论文标题
用端到端过滤器方法进行语音分离的深度注意融合功能
Deep Attention Fusion Feature for Speech Separation with End-to-End Post-filter Method
论文作者
论文摘要
在本文中,我们提出了一种端到端的后过滤方法,具有深度注意融合特征,用于单声道扬声器独立的语音分离。首先,将时间频域语音分离方法应用为分离阶段。分类前阶段的目的是初步分离混合物。尽管此阶段可以将混合物分开,但仍包含残留干扰。为了增强前分离的语音并进一步提高分离性能,提出了具有深度注意融合特征的端到端过滤器(E2EPF)。 E2EPF可以充分利用预先分离的语音的先验知识,这有助于语音分离。这是一个完全卷积的语音分离网络,并将波形用作输入特征。首先,使用1-D卷积层来提取混合物的深度表示特征和时间域中的预分离信号。其次,要更多地关注分离前阶段的输出,将注意模块应用于获得深度注意融合特征,这些特征是通过计算混合物与预分离语音之间的相似性来提取的。这些深刻的注意融合特征有利于减少干扰并增强预先分离的语音。最后,将这些功能发送到后过滤器以估计每个目标信号。 WSJ0-2MIX数据集的实验结果表明,所提出的方法的表现优于最先进的语音分离方法。与分离前方法相比,我们提出的方法可以获得64.1%,60.2%,25.6%和7.5%的相对相对改善的规模不变源源与噪声比(SI-SNR),信噪比(SDR),语音质量(PESQ)的感知评估(PESQ)以及短时的目标(STOICIE)衡量标准(STO)。
In this paper, we propose an end-to-end post-filter method with deep attention fusion features for monaural speaker-independent speech separation. At first, a time-frequency domain speech separation method is applied as the pre-separation stage. The aim of pre-separation stage is to separate the mixture preliminarily. Although this stage can separate the mixture, it still contains the residual interference.

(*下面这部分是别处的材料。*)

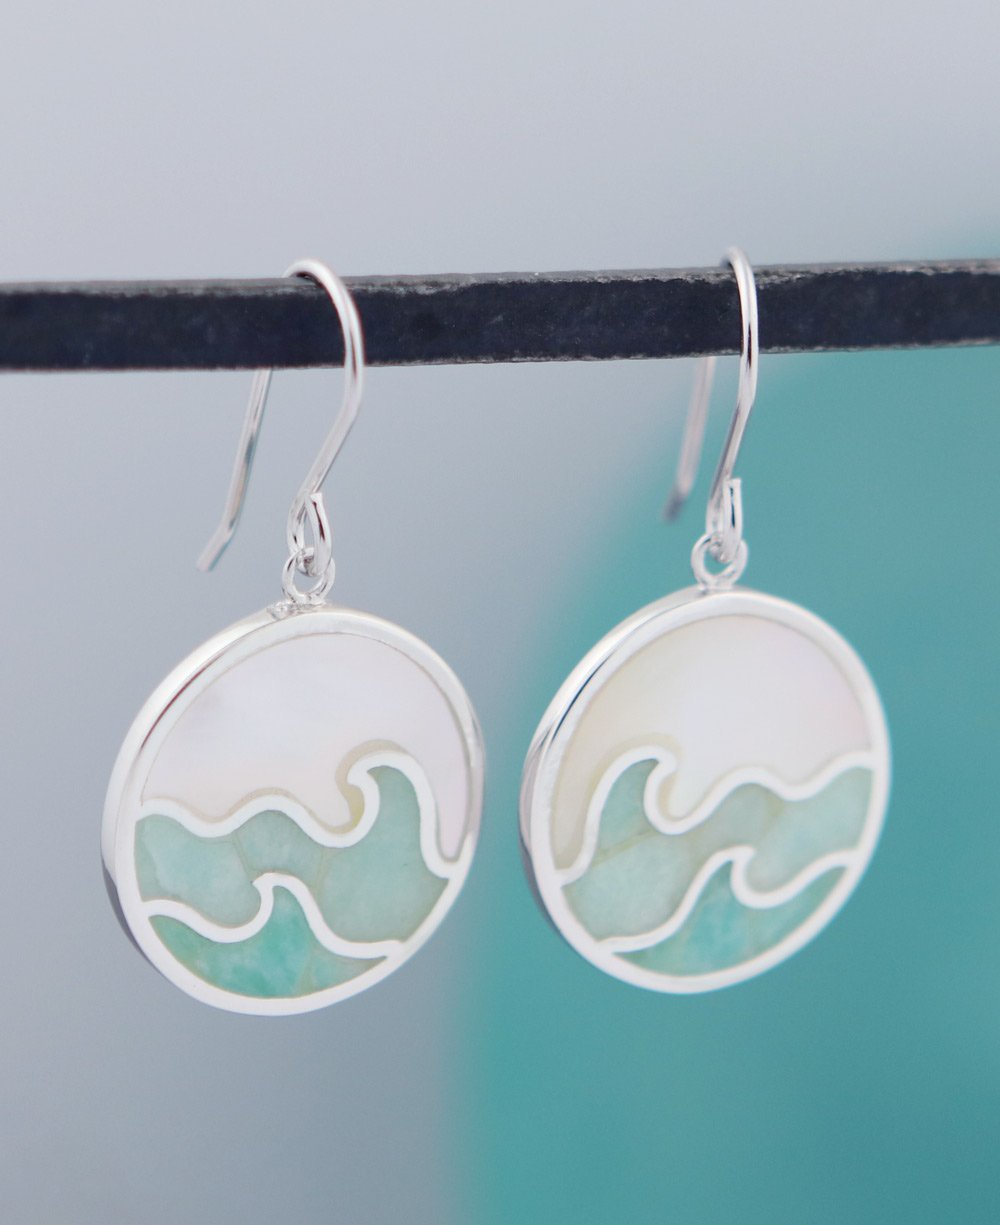 Go With the Flow Ocean Earrings - Earrings

In order to enhance the pre-separated speech and improve the separation performance further, the end-to-end post-filter (E2EPF) with deep attention fusion features is proposed. The E2EPF can make full use of the prior knowledge of the pre-separated speech, which contributes to speech separation. It is a fully convolutional speech separation network and uses the waveform as the input features. Firstly, the 1-D convolutional layer is utilized to extract the deep representation features for the mixture and pre-separated signals in the time domain. Secondly, to pay more attention to the outputs of the pre-separation stage, an attention module is applied to acquire deep attention fusion features, which are extracted by computing the similarity between the mixture and the pre-separated speech. These deep attention fusion features are conducive to reduce the interference and enhance the pre-separated speech. Finally, these features are sent to the post-filter to estimate each target signals. Experimental results on the WSJ0-2mix dataset show that the proposed method outperforms the state-of-the-art speech separation method. Compared with the pre-separation method, our proposed method can acquire 64.1%, 60.2%, 25.6% and 7.5% relative improvements in scale-invariant source-to-noise ratio (SI-SNR), the signal-to-distortion ratio (SDR), the perceptual evaluation of speech quality (PESQ) and the short-time objective intelligibility (STOI) measures, respectively.